Newsmakers: ODSA calls in loan to Willard & KelseyWritten by John P. McCartney | | email@example.com
UPDATE: Todd Walker, chief communications officer for the Ohio Development Services Agency (ODSA), reported Jan. 2 that the agency had certified Willard & Kelsey’s $4,135,855.12 debt to the Ohio Attorney General’s (OAG) office in November. The OAG’s office is charged with undertaking the legal process of trying to collect the debt.
More than four months after the Ohio Development Services Agency (ODSA) notified Willard & Kelsey Solar executives that it was calling in its $4.1 million loan, nothing has changed.
Mossie Murphy, the solar group’s vice president of sales, marketing, planning and development, reported in early August that, “Clearly, our intent is to repay the state.” He said he could not comment at that time as whether, “We’re able to do that or not. But it’s clearly our intent.”
Murphy deferred making an additional comment Dec. 21 until he had an opportunity to speak with Michael Cicak, chairman and CEO. Murphy did not return follow up phone calls.
Murphy had said the Aug. 9 news that ODSA, known as the Ohio Department of Development at the time, was calling in its loan did not take Willard & Kelsey executives by surprise.
“I don’t think this was a real big shock for anybody,” Murphy said at the time. Murphy said he and Cicak had been “communicating with the state on this issue” since April.
In a letter sent to Murphy, dated Aug. 6, Diane M. Lease, ODSA’s chief legal counsel and ethics officer, formally notified the Perrysburg solar firm that since, “The department has not consistently received your regularly scheduled installment payments since September, 2011,” the state agency was demanding the full payment of $4,135,855.12 with a per diem interest rate of $204.73 by Sept. 30.
If Willard & Kelsey failed to make full payment by the deadline, Daryl Hennessy, assistant chief of ODSA’s business services division, said in August that the state agency would certify the debt to the Ohio Attorney General’s office, which will then begin the legal process of trying to collect the debt.
Hennessey did not return request for comment as to whether that debt had been paid or been forwarded to the Ohio Attorney General for collection.
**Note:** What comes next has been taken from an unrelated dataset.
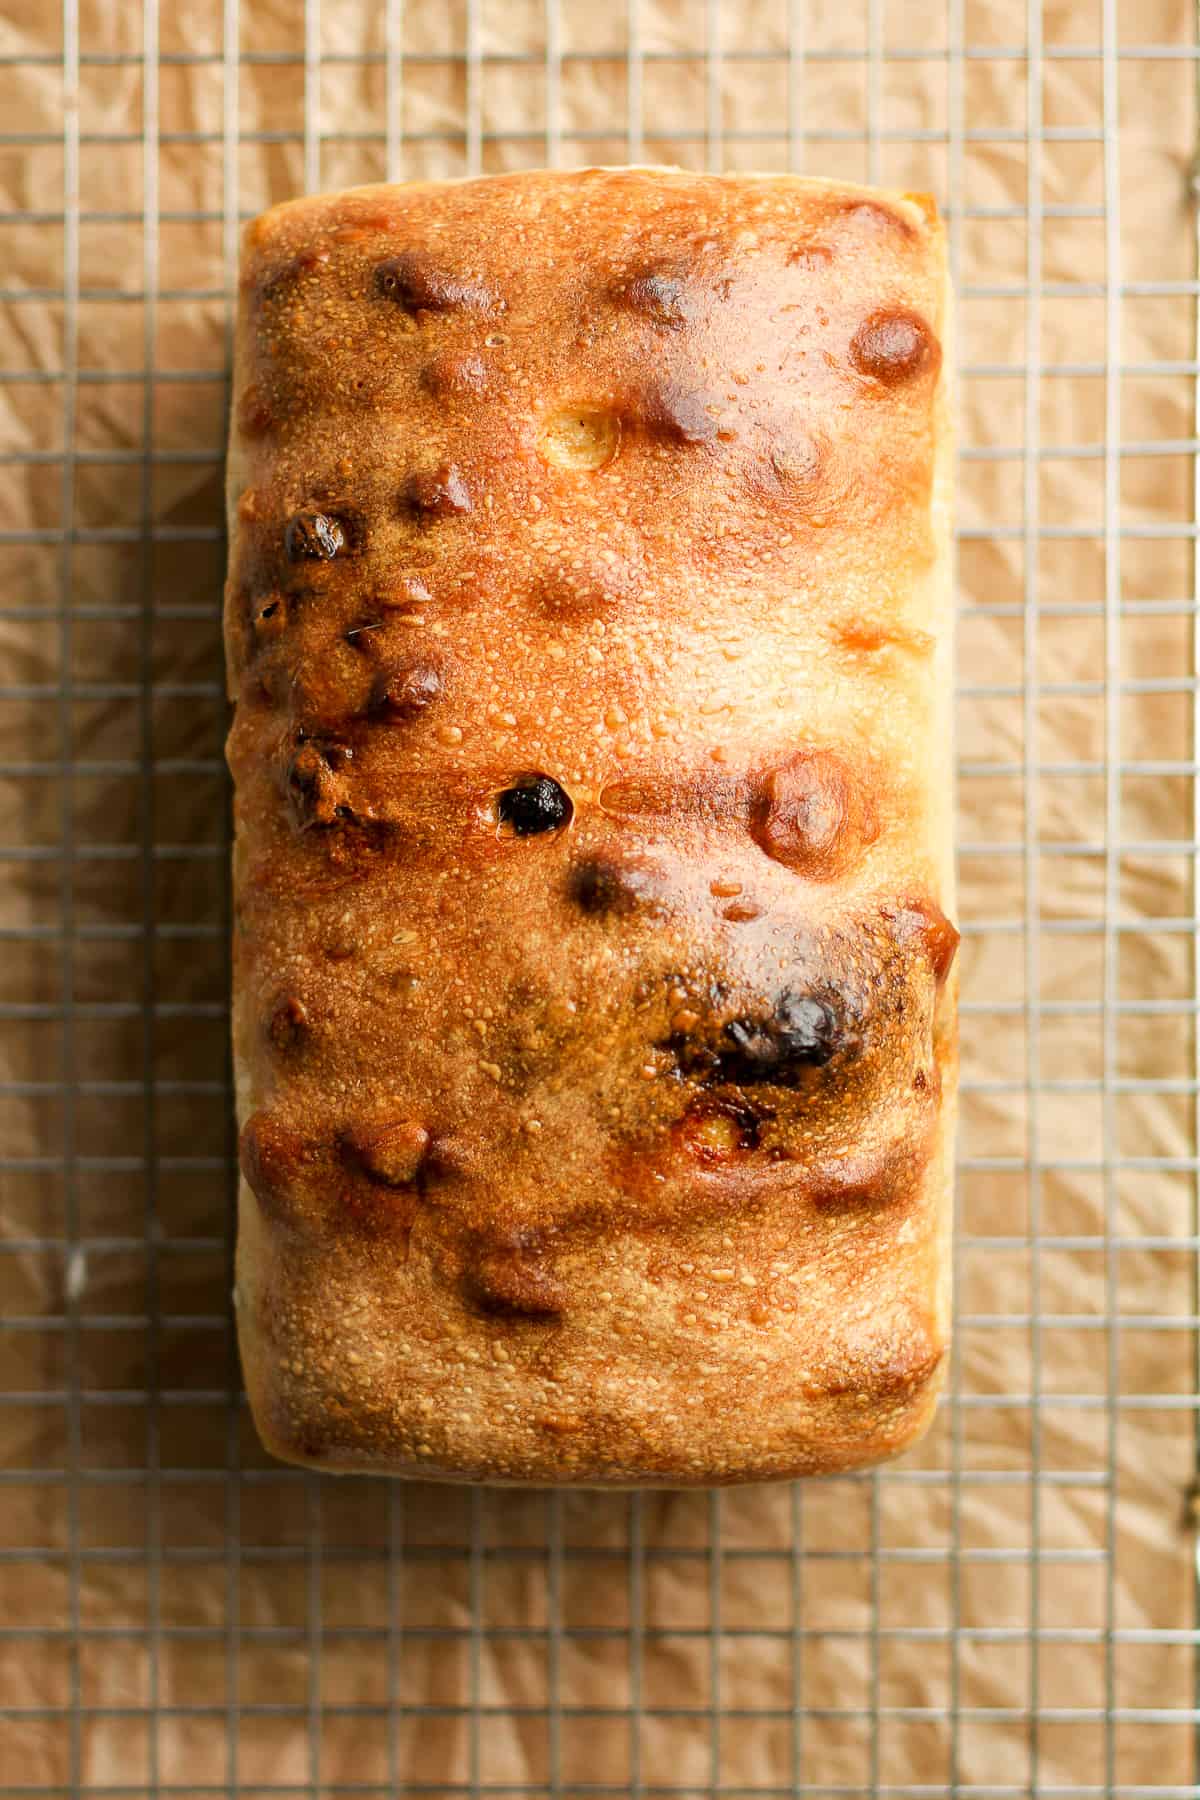 A loaf of the baked cinnamon raisin sourdough bread.

Dan Tierney, spokesman for the attorney general’s office, said in August that once his office got involved in collecting money, Willard & Kelsey’s interest rate on the loan would increase from 2 to 14 percent.
The attorney general’s office also has a standing policy of establishing a 10-percent-of-loan collection fee plus interest, which generally rounds out to about 14 percent, Tierney said. The fee attempts to cover the state’s man-hour and litigation costs while ensuring the state agency owned money receives full repayment of its loan, Tierney said.
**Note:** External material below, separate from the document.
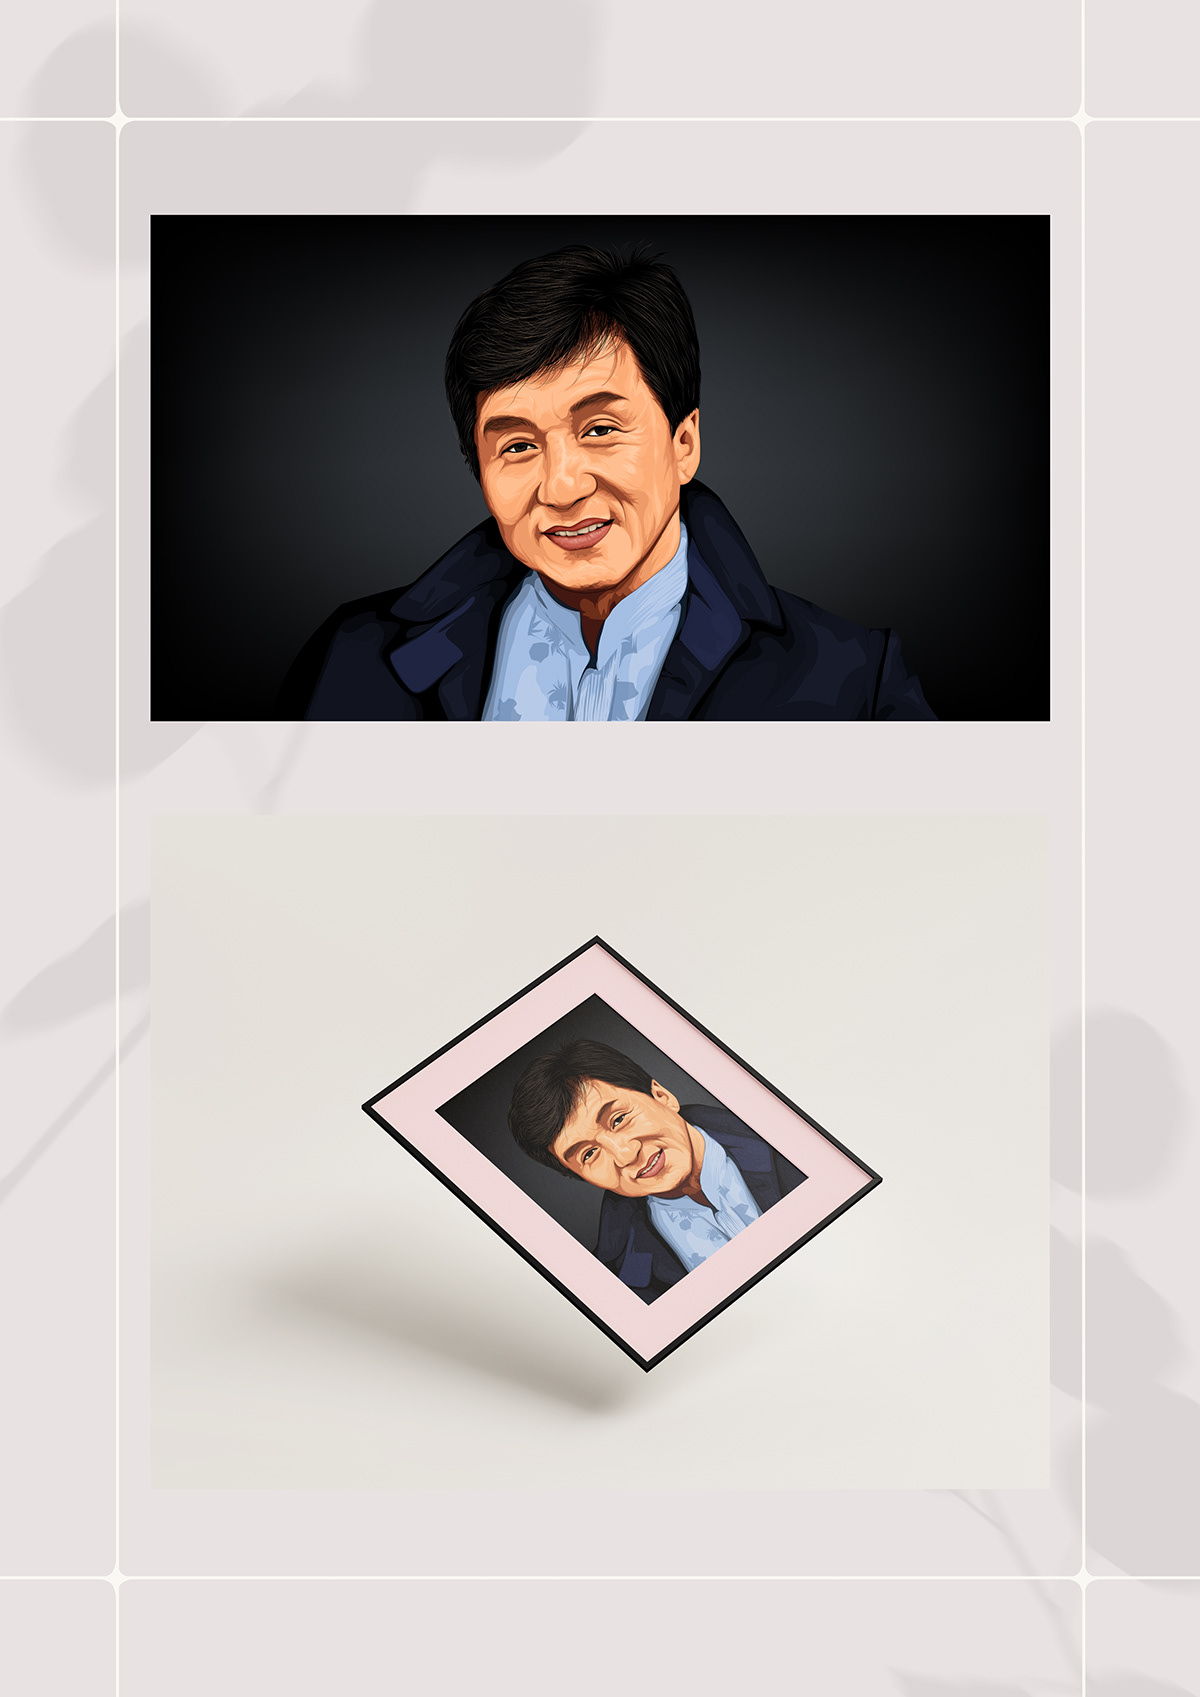 Jackie Chan Digital Art  ILLUSTRATION  adobe illustrator vector art portrait portrait illustration artwork art direction  Fashion

Tierney did not return requests for comment as to whether the loan had been forwarded to the Ohio Attorney General’s office for collection.
“We’d like to think it won’t get to that point,” Murphy said in August. “But we will continue to make every effort to work toward an equitable arrangement so that we can repay the state money because we certainly acknowledge we owe them that money.
“We’ve made it clear to [ODSA] and we’ve tried to be very upfront with the fact that, as we sit here today, we don’t have the resources to pay the full [$4.1] million, but we clearly want to pay the full [$4.1] million, and we’re trying to work to that end.”
Hennessy said in August that the ODSA works with companies “To make adjustments when we think it’s appropriate and necessary. We know Willard & Kelsey struggled with job creation, but at the end of the day, this is about a loan and it’s not making payments back to the State of Ohio. That’s primarily driving the request for the repayment. We wouldn’t have done a $5 million loan to them if they had not committed to creating 400 jobs.”
Katie Sabatino, an ODSA spokesperson, had said that such drastic measures may become common if businesses “don’t live up to the commitments they promised [because] we’re going to take appropriate action. We want to make sure we’re being business friendly in letting them repay their loans, but still being good stewards of taxpayer dollars.”
On April 15, Murphy said “we view the state money as sacred, and the state loans we fully intend to pay.”